Task details
When you reproduce the data, keep every word exactly as it stands and leave the pictures out.

Provided data
= Beginning of Section =

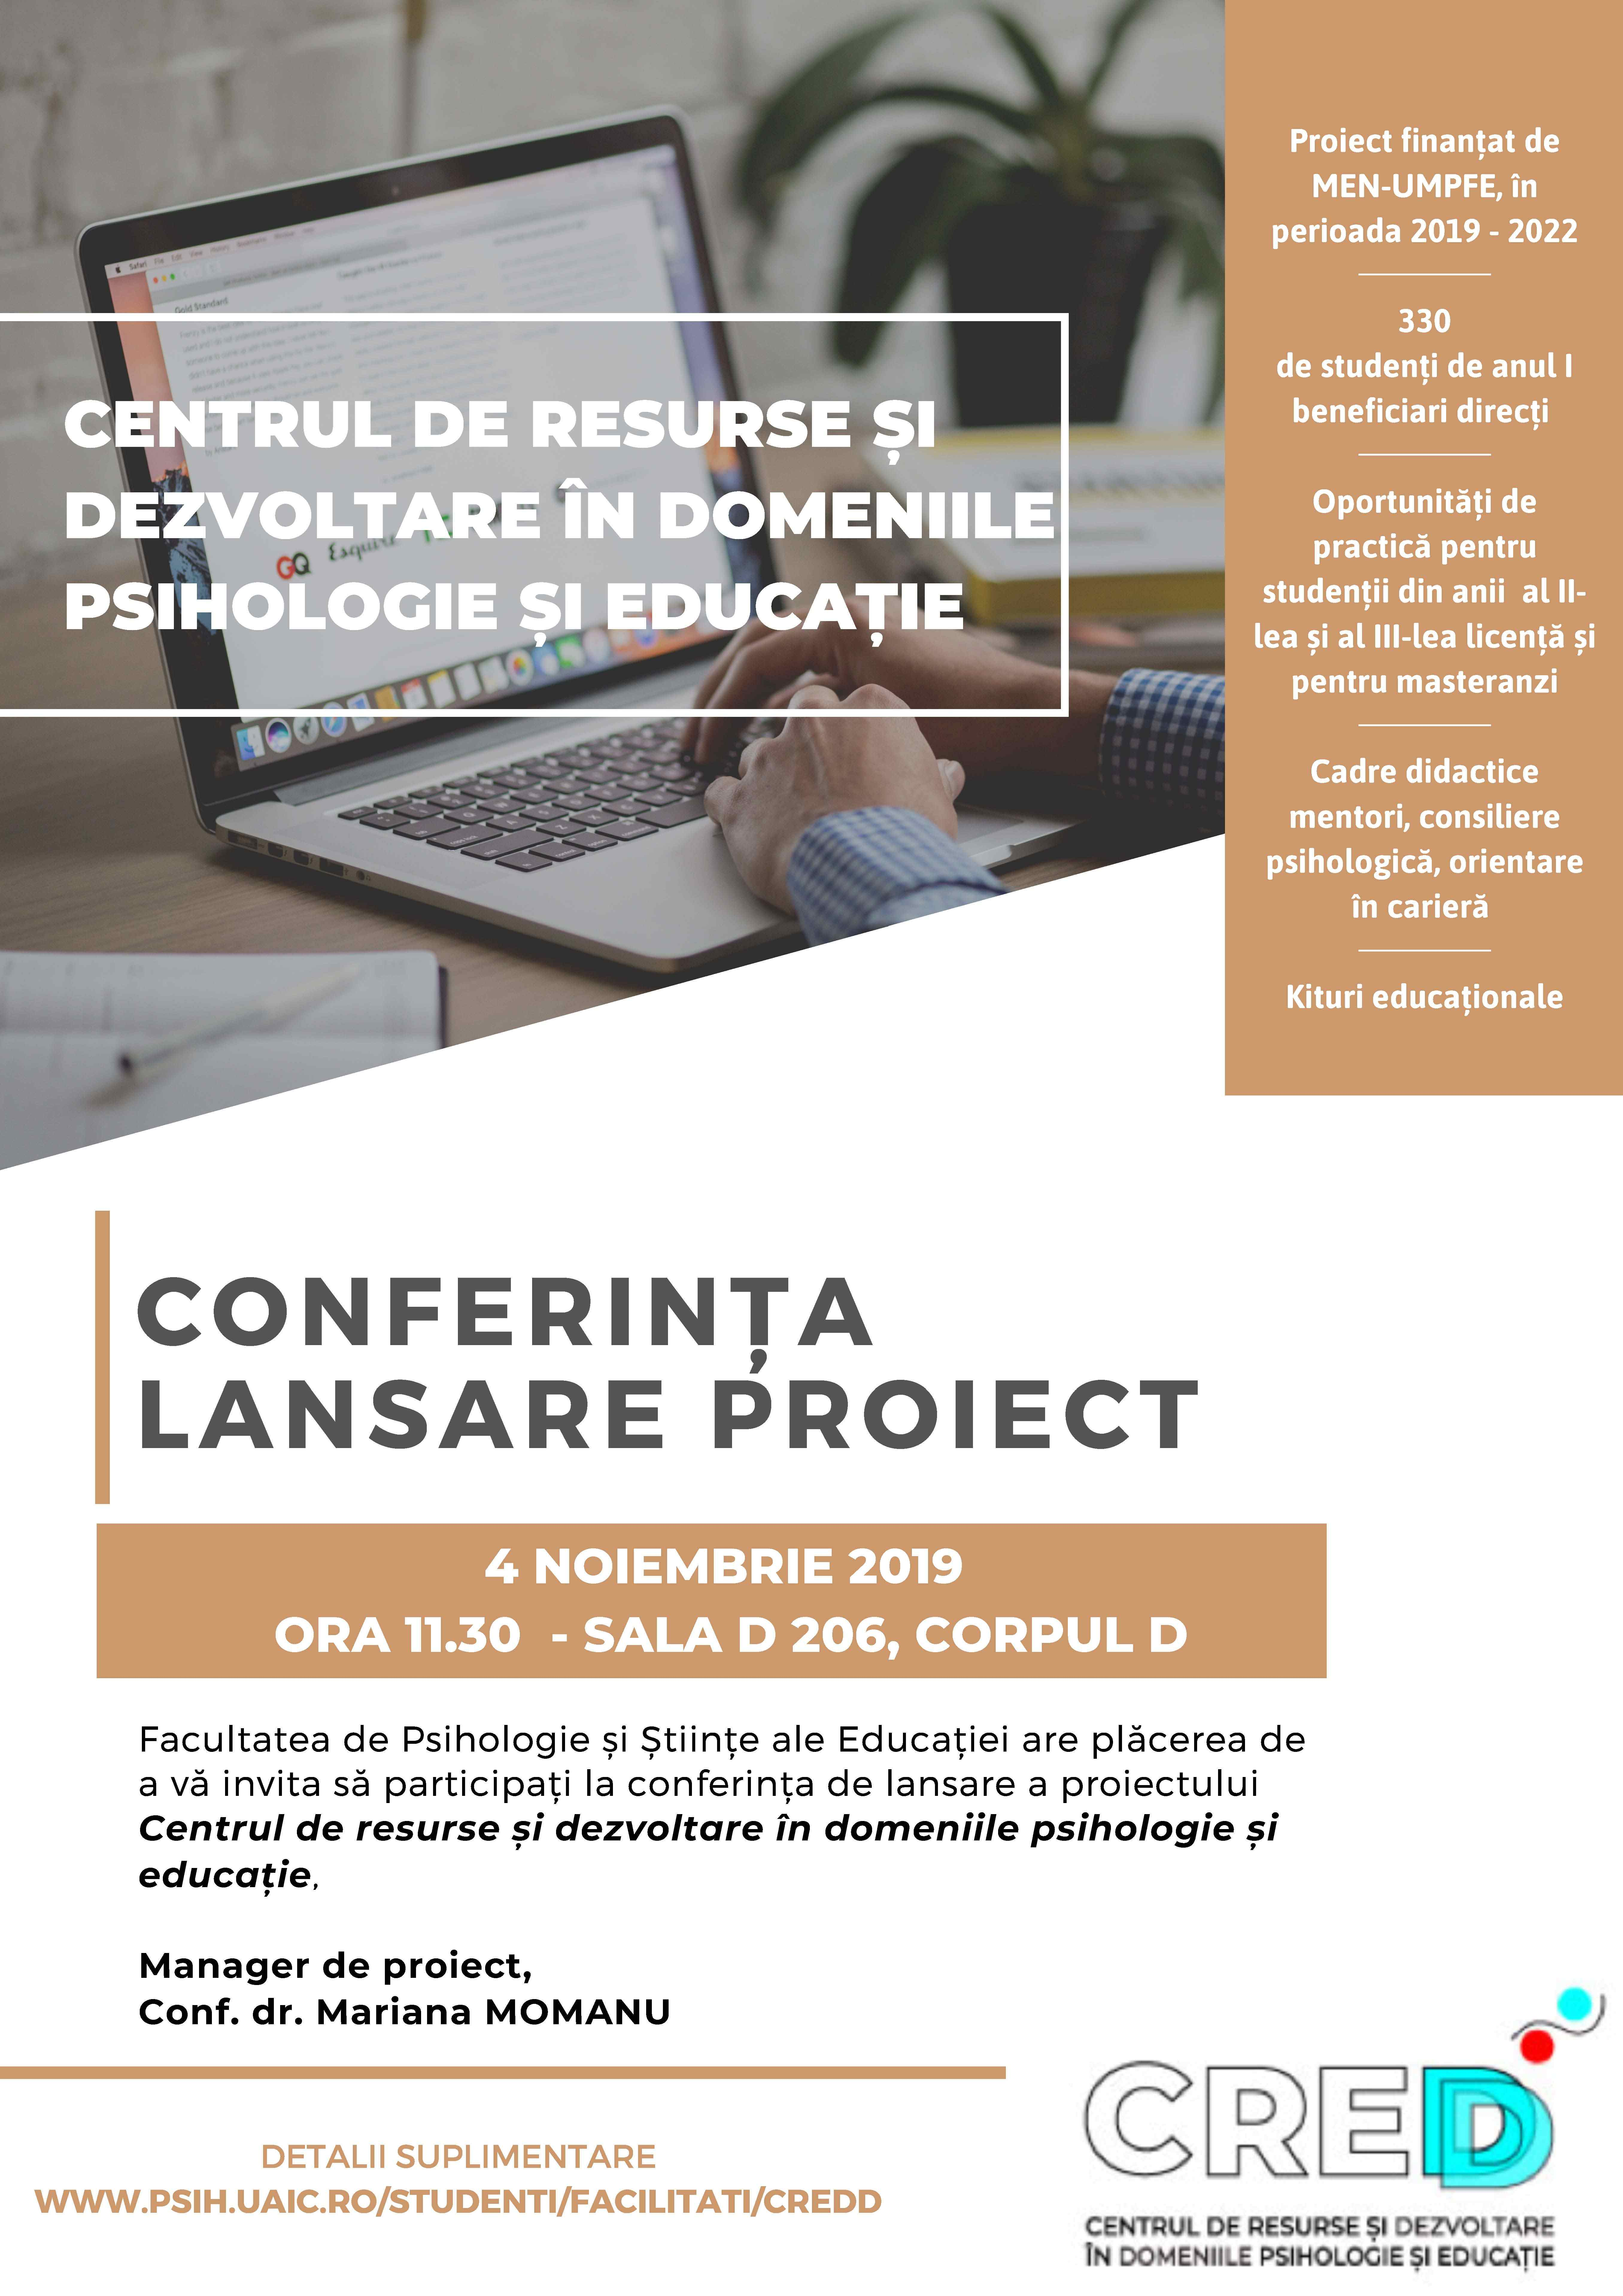 Conferință de lansare proiect - 4 noiembrie 2019
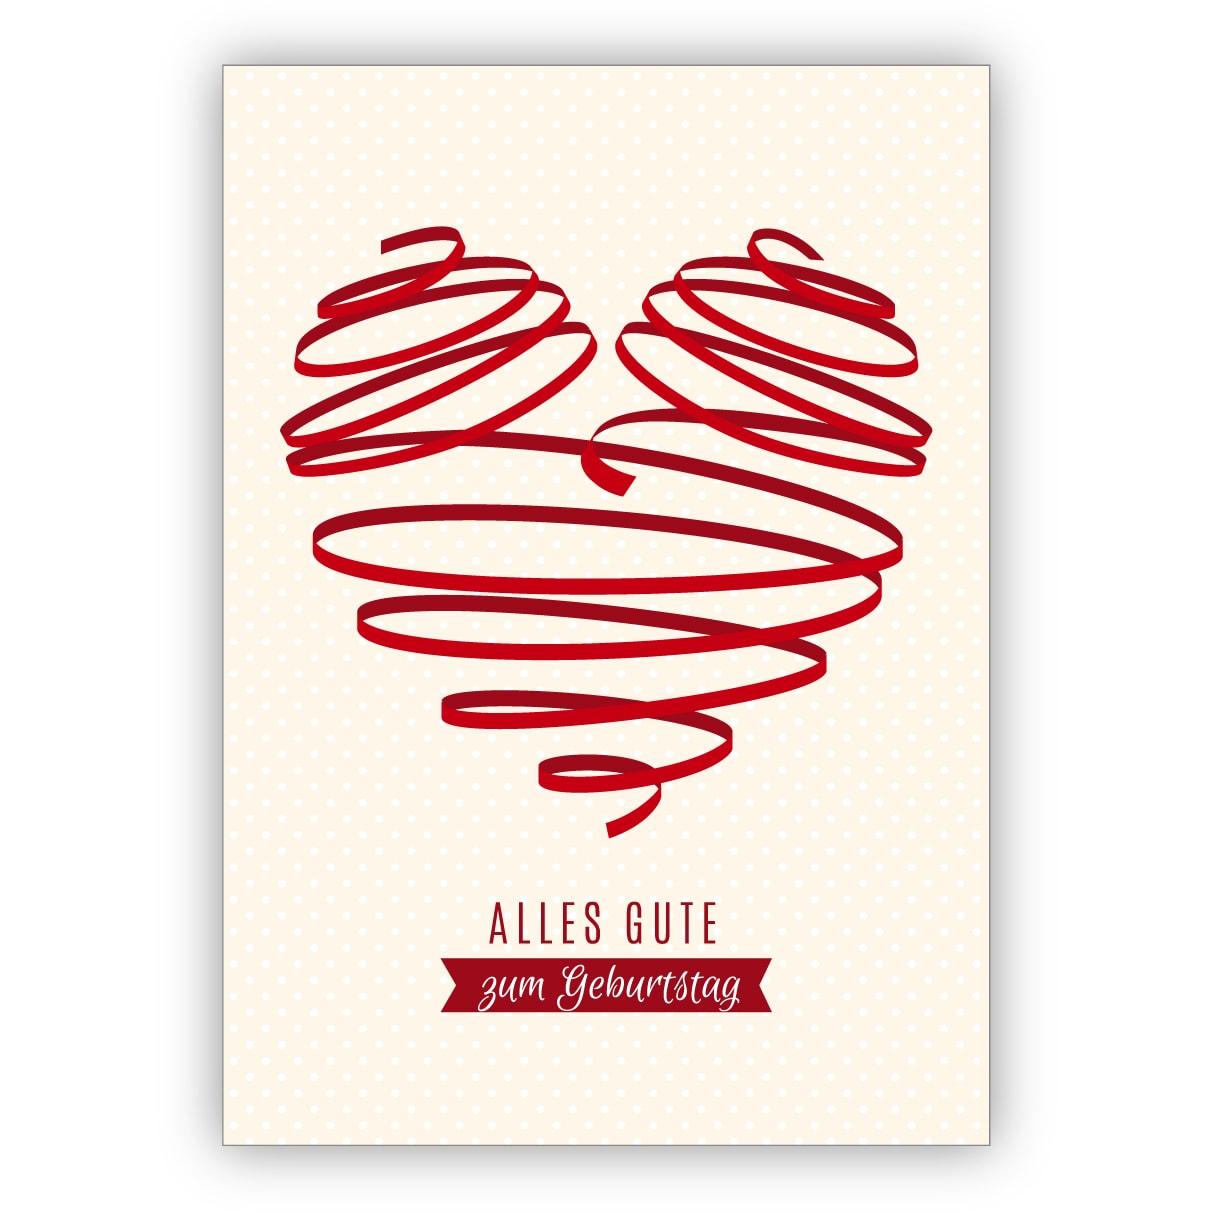 Tolle Geburtstagskarte mit großem rotem Herz: Alles Gute zum Geburtstag
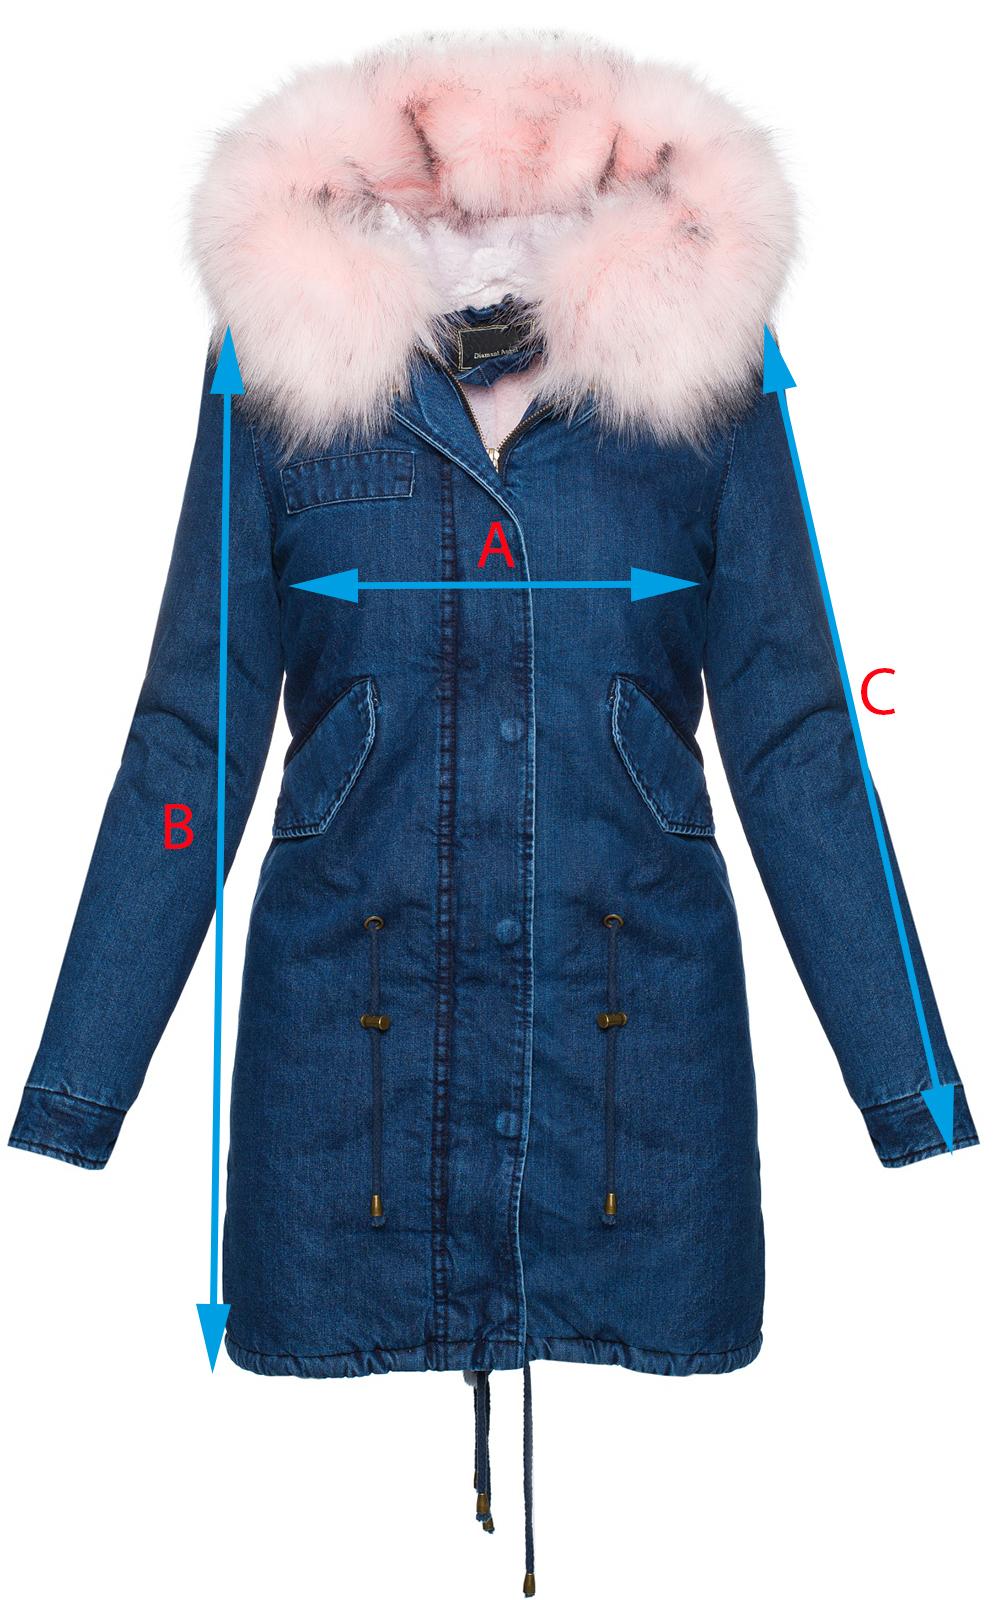 Damen winter jacke jeansjacke damen mantel xxl-fell kapuze ... 63ea3e4d6d

= End of Section =

Answer section
 Conferință de lansare proiect - 4 noiembrie 2019
 Tolle Geburtstagskarte mit großem rotem Herz: Alles Gute zum Geburtstag
 Damen winter jacke jeansjacke damen mantel xxl-fell kapuze ... 63ea3e4d6d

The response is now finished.